И вот тогда-то я впервые уловил в этой буре протестов новые, зловещие ноты, внушавшие серьезные опасения.
«Дейли кроникл», официальный орган ПНС, поместила передовую, из которой явствовало, что кучка отщепенцев – так именовались теперь все отстраненные министры – высококвалифицированные специалисты с университетским образованием. У меня сохранилась вырезка из этой передовой:
«Мы должны раз и навсегда вырвать, как гнилой зуб, из нашего государственного организма этих растленных марионеток, знакомых с экономикой только по книгам и по-обезьяньи перенимающих речь и повадки белых.
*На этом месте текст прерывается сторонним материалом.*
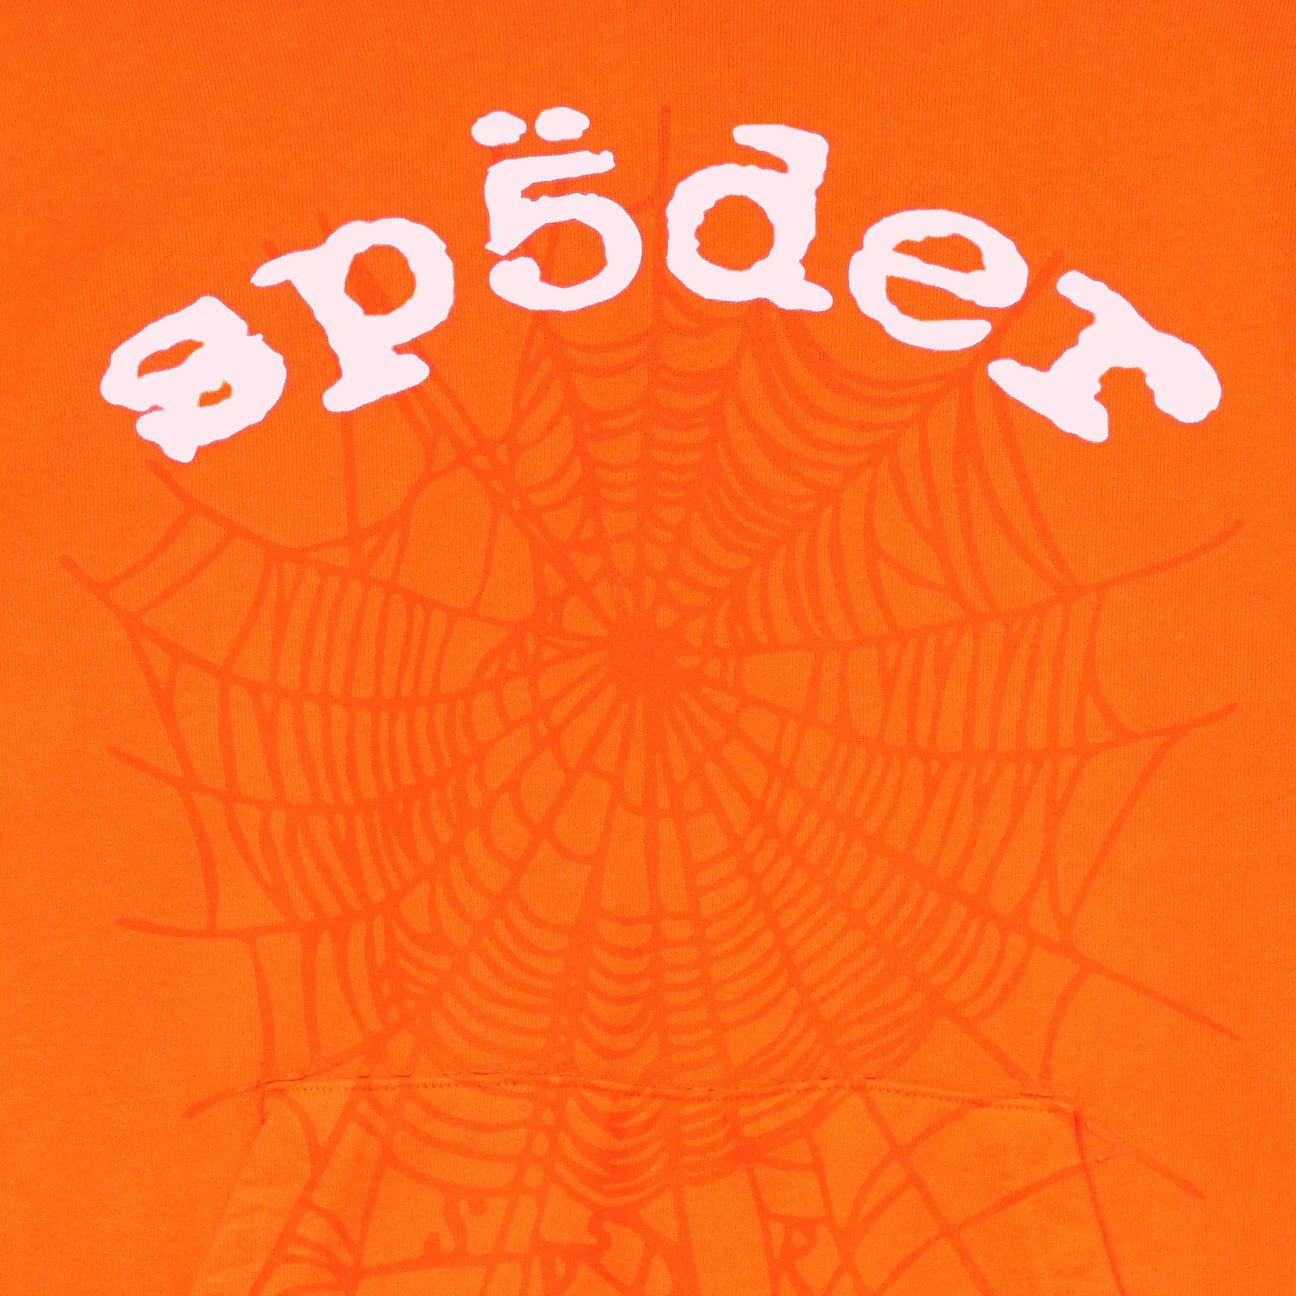 Sp5der Legacy Web Hoodie Orange - Supra Sneakers
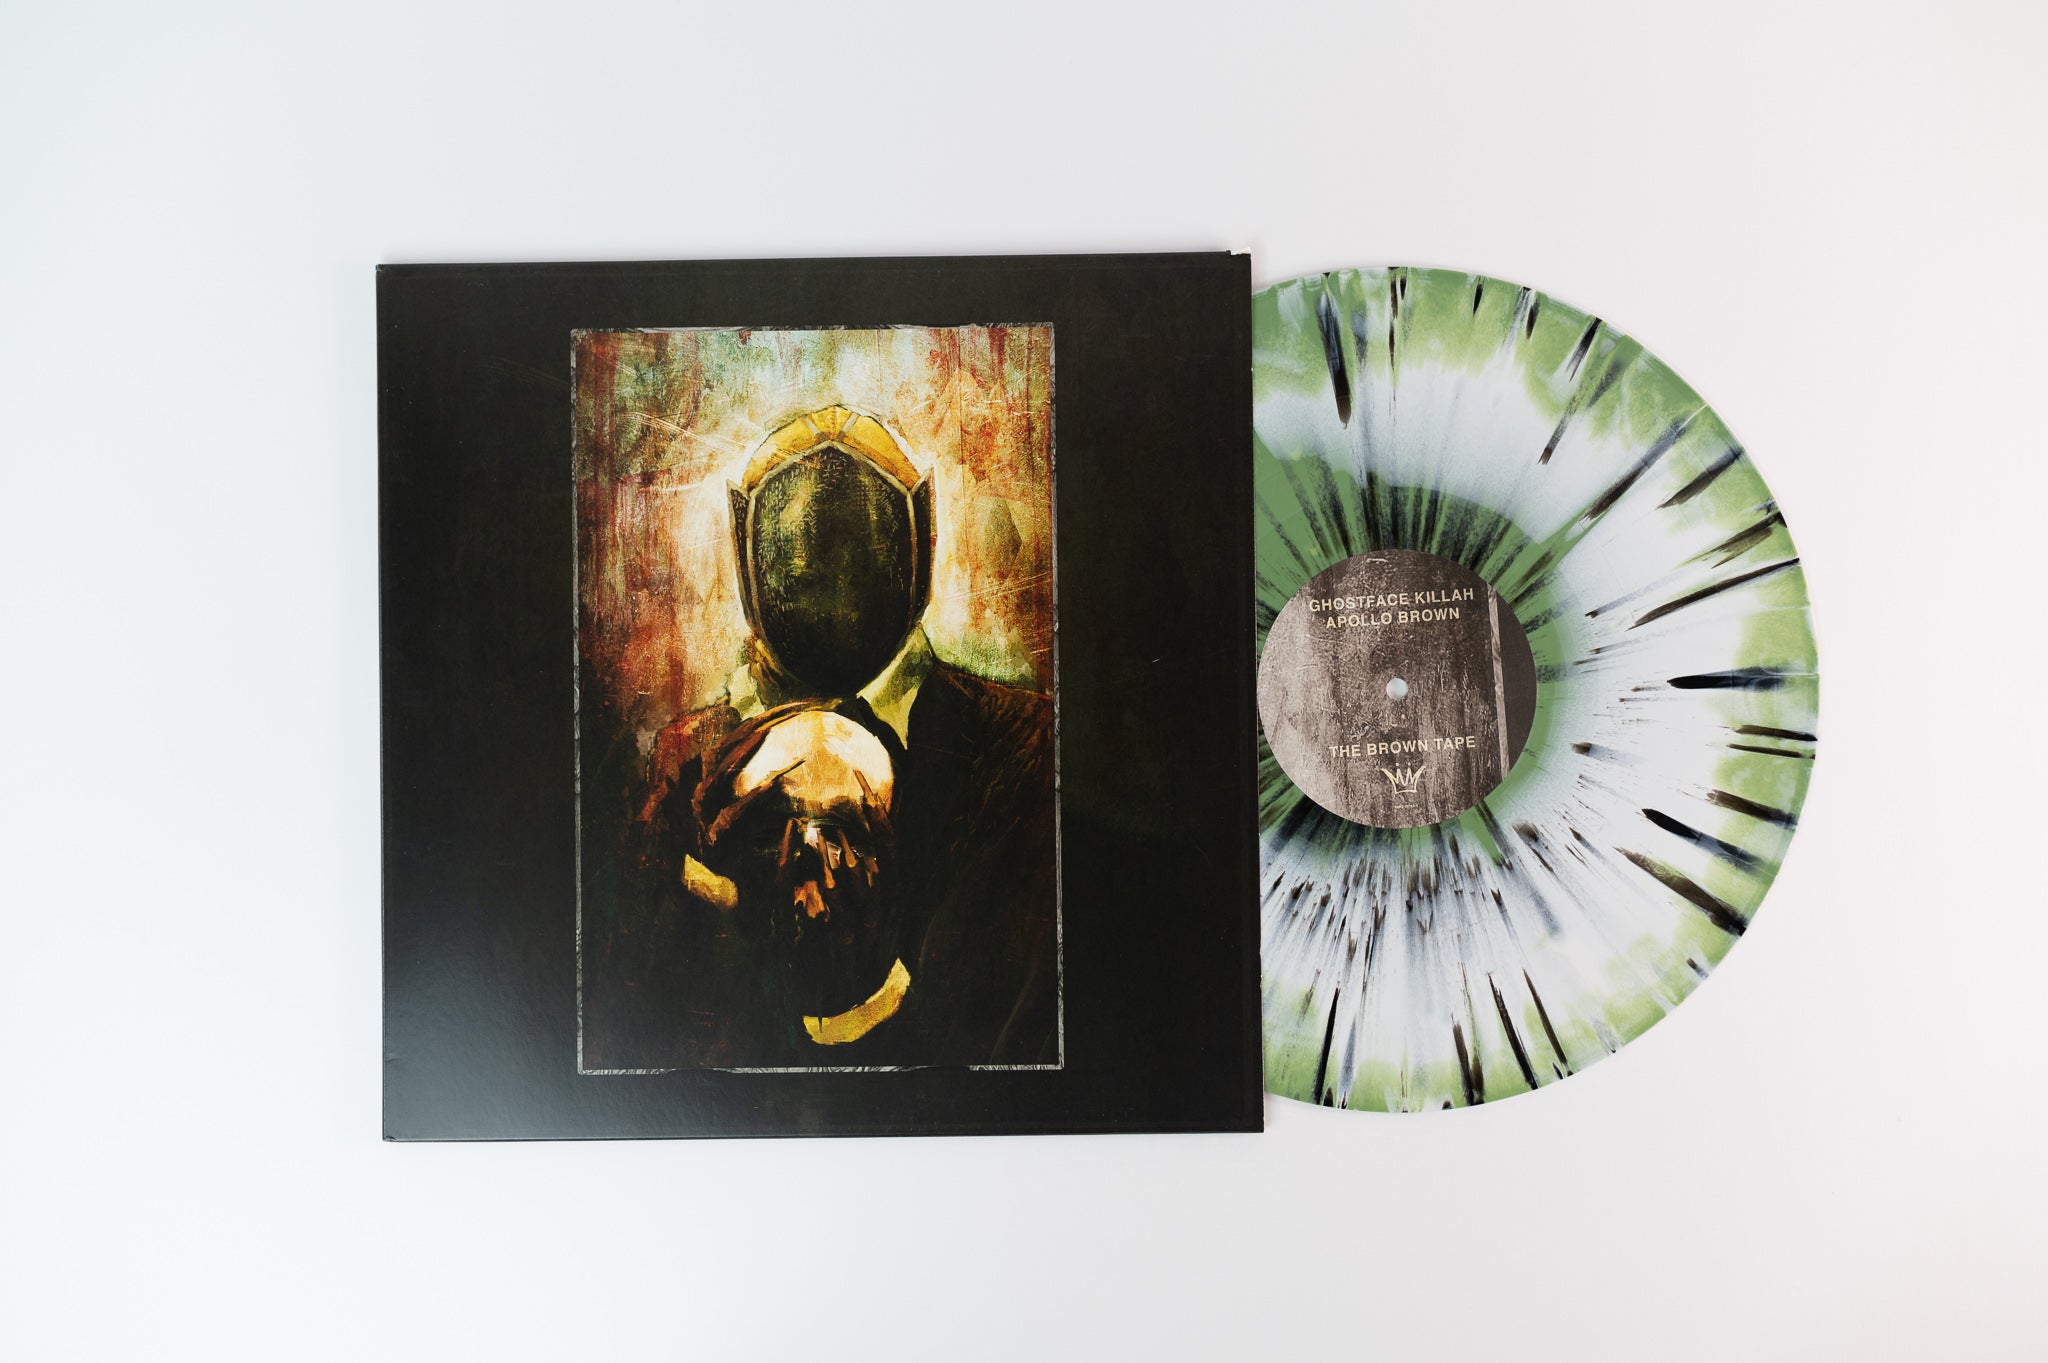 Ghostface Killah - The Brown Tape on Mello Music Group Green White & Black Splatter Vinyl Reissue

Мы гордимся тем, что мы африканцы. Наши истинные вожди – те, кто говорит языком народа, а не упивается учеными степенями, полученными в кембриджах, оксфордах и гарвардах. Хватит выбрасывать деньги на университетское образование, которое только отчуждает африканца от его богатой древней культуры и ставит его над народом…»
Клич был немедленно подхвачен. Другие газеты указывали, что даже в Англии, где «кучка отщепенцев» получила так называемое образование, не обязательно быть экономистом, чтобы занимать пост министра финансов, или врачом, чтобы стать министром здравоохранения. Главное – быть верным сыном своей партии.
Я был на галерее для публики, когда парламент подавляющим большинством голосов вынес вотум доверия премьер-министру. В этот день правда вышла наружу. Но только никто не захотел ее слушать. Не могу забыть скорбного выражения лица бывшего министра финансов, когда он и его сторонники под всеобщий свист и улюлюканье вошли в зал заседаний. За несколько дней до этого разъяренная толпа забросала камнями его дом и вдребезги разнесла его автомобиль. Другого министра выволокли из машины, избили до потери сознания, связали, забили в рот кляп и бросили на дороге. В день заседания парламента он все еще находился в больнице.